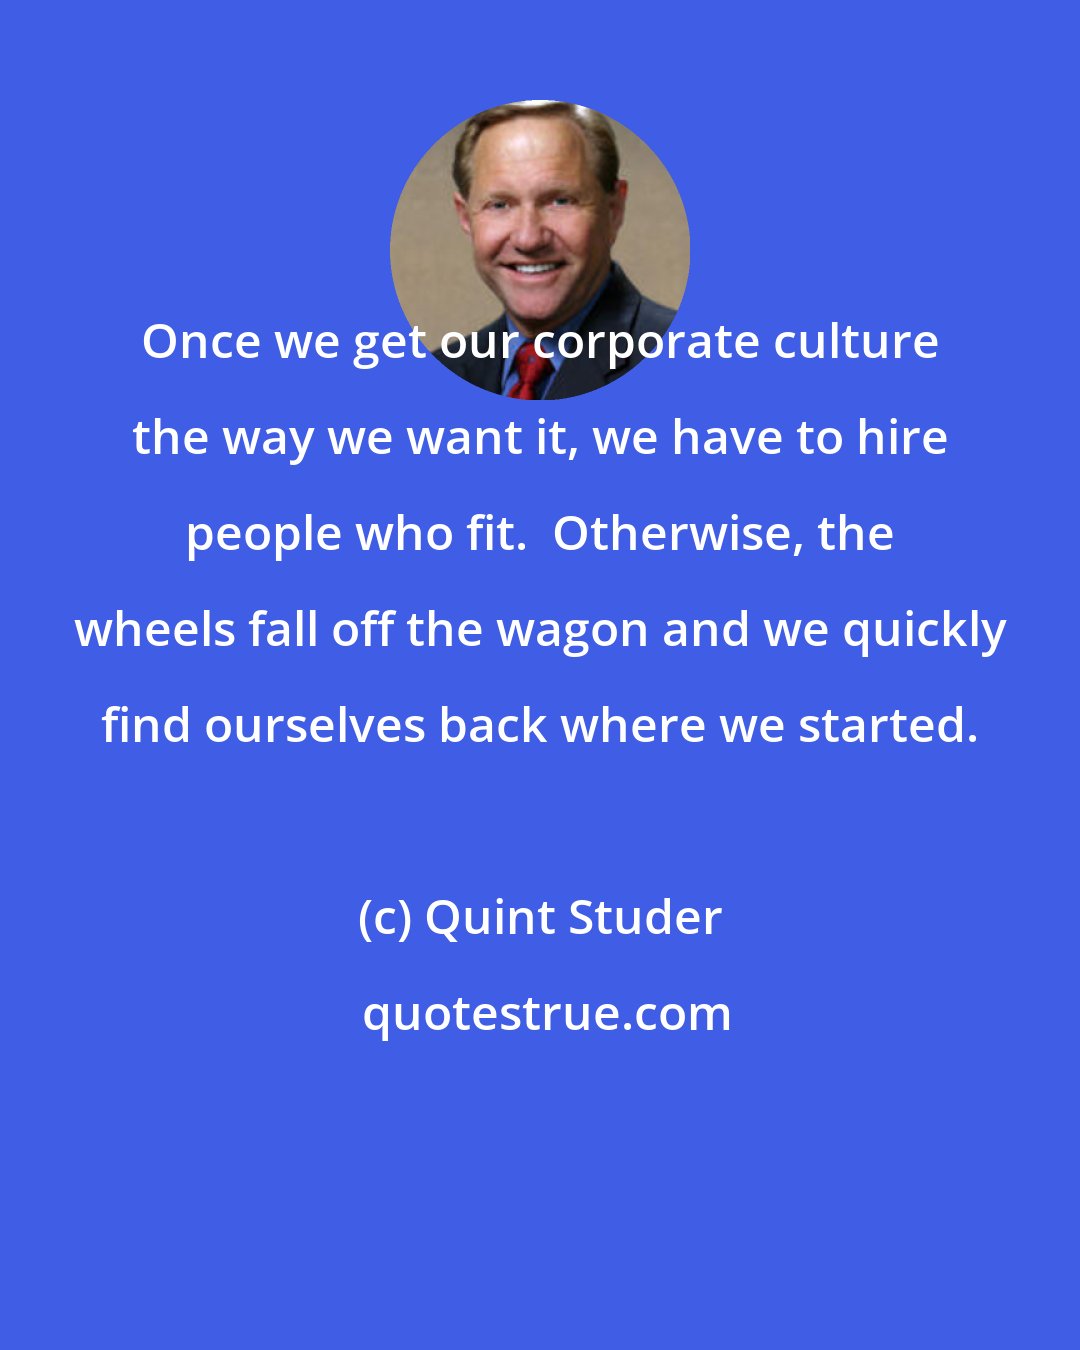 Quint Studer: Once we get our corporate culture the way we want it, we have to hire people who fit.  Otherwise, the wheels fall off the wagon and we quickly find ourselves back where we started.
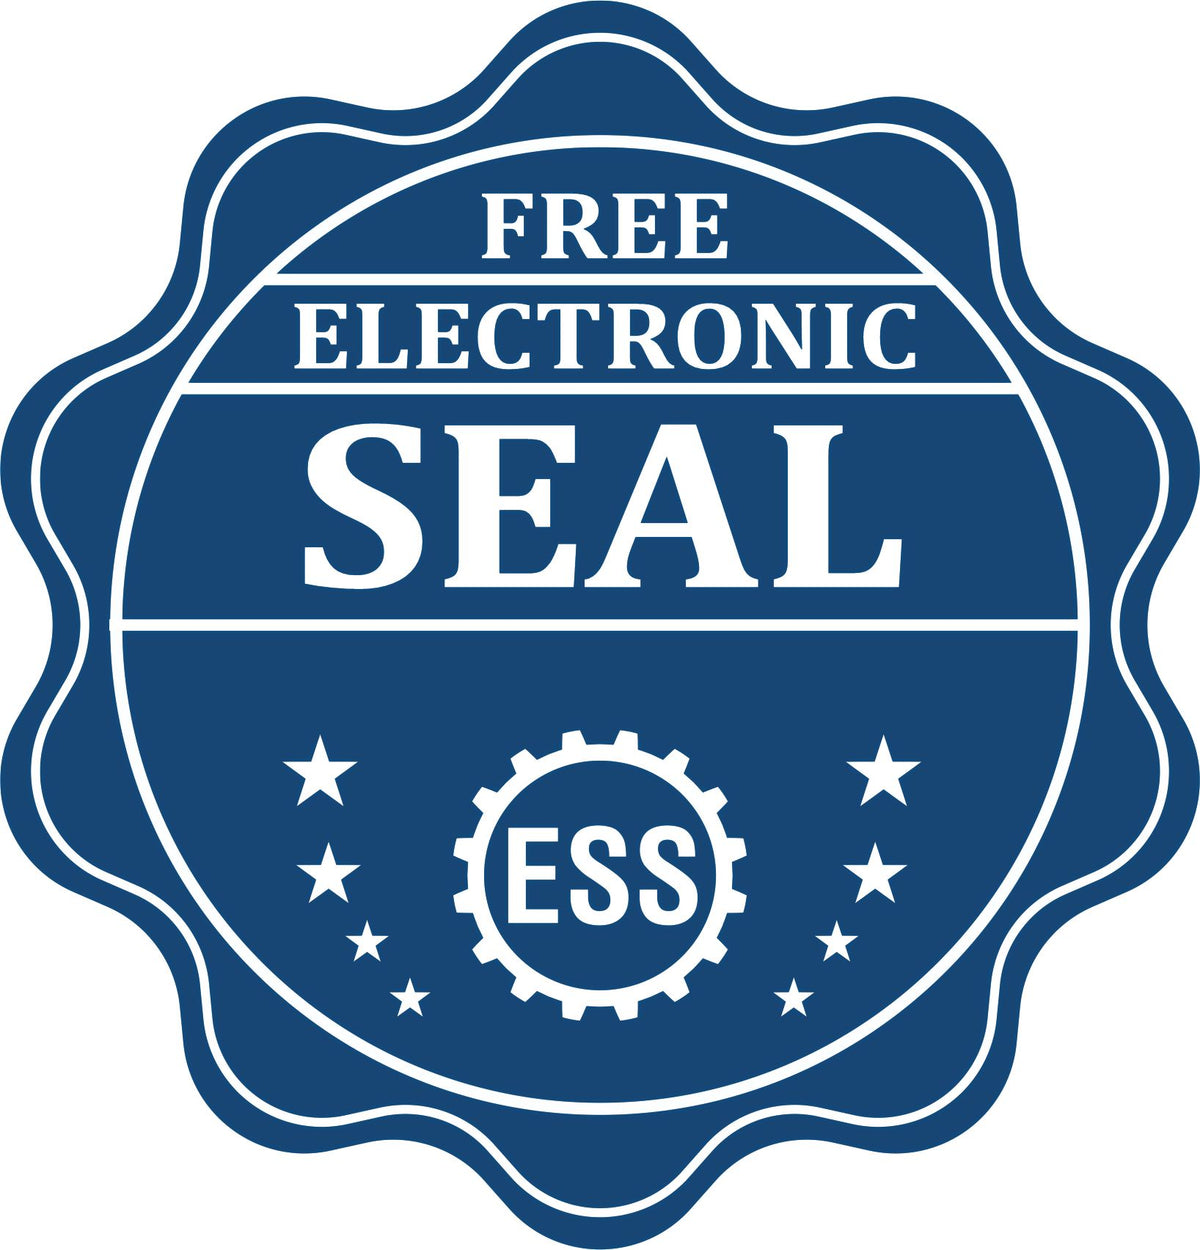 A badge showing a free electronic seal for the New Mexico Engineer Desk Seal with stars and the ESS gear on the emblem.
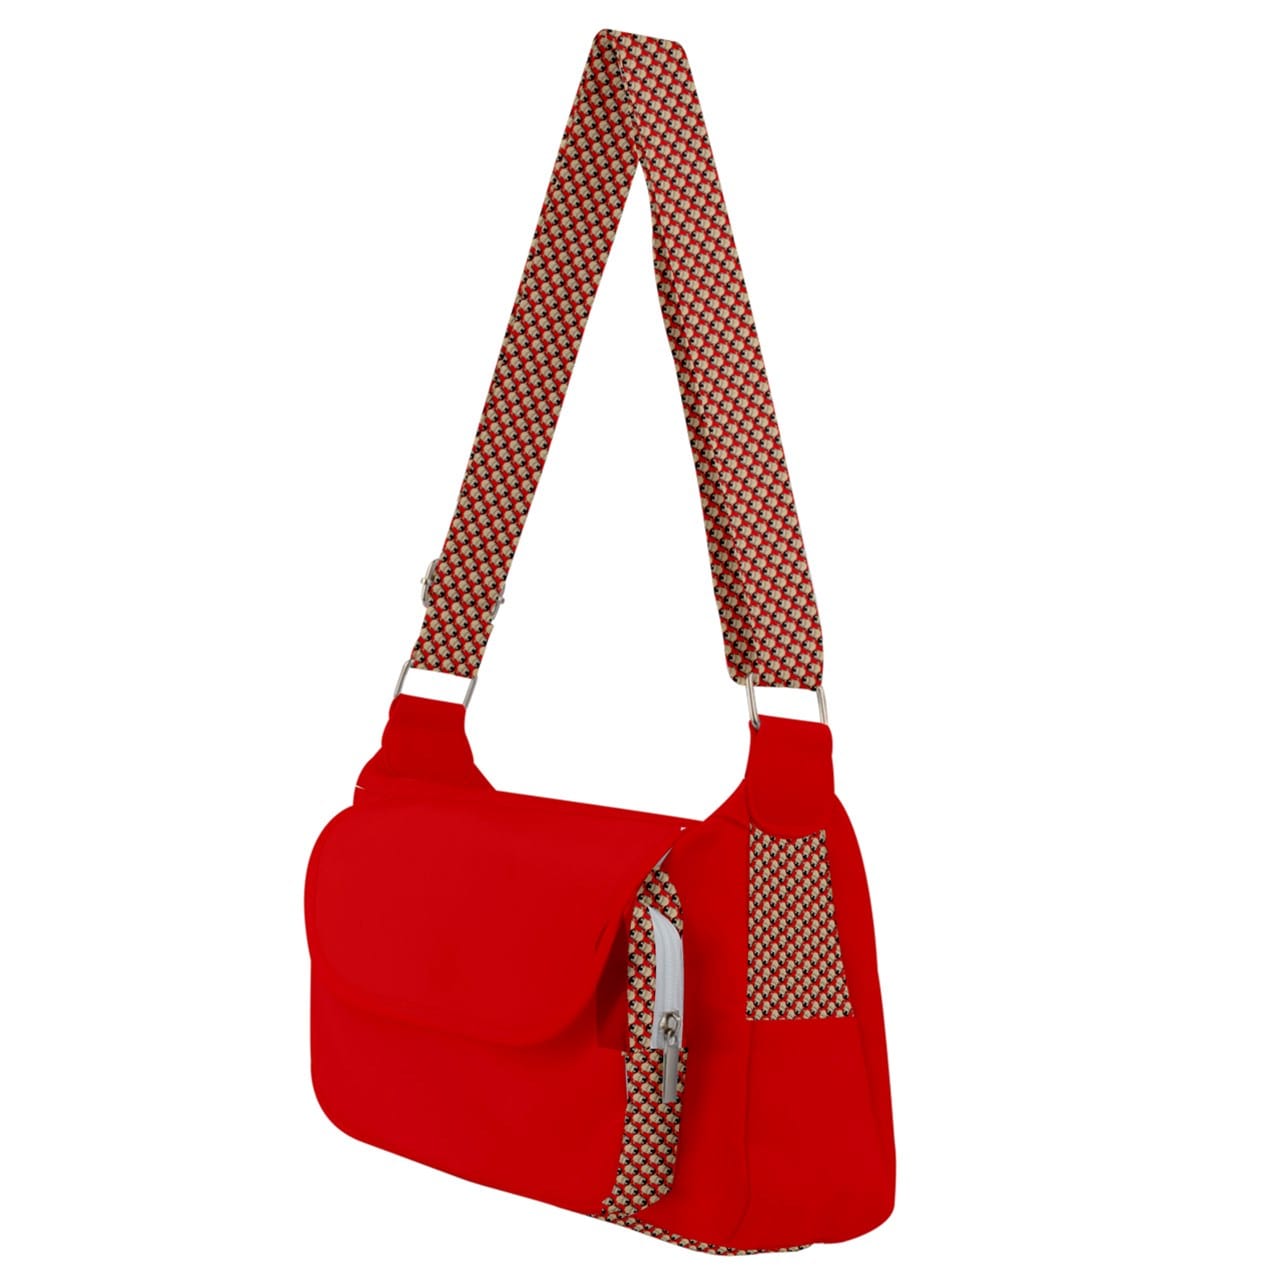 Wheaten Puppy Multipack Bag - red

※ ※ ※

**Task requirements**: Write the listing out exactly, apart from its pictures.

**Answer for the task**:
 Quint Studer: Once we get our corporate culture the way we want it, we have to hire people who fit.  Otherwise, the wheels fall off the wagon and we quickly find ourselves back where we started.
 A badge showing a free electronic seal for the New Mexico Engineer Desk Seal with stars and the ESS gear on the emblem.
 Wheaten Puppy Multipack Bag - red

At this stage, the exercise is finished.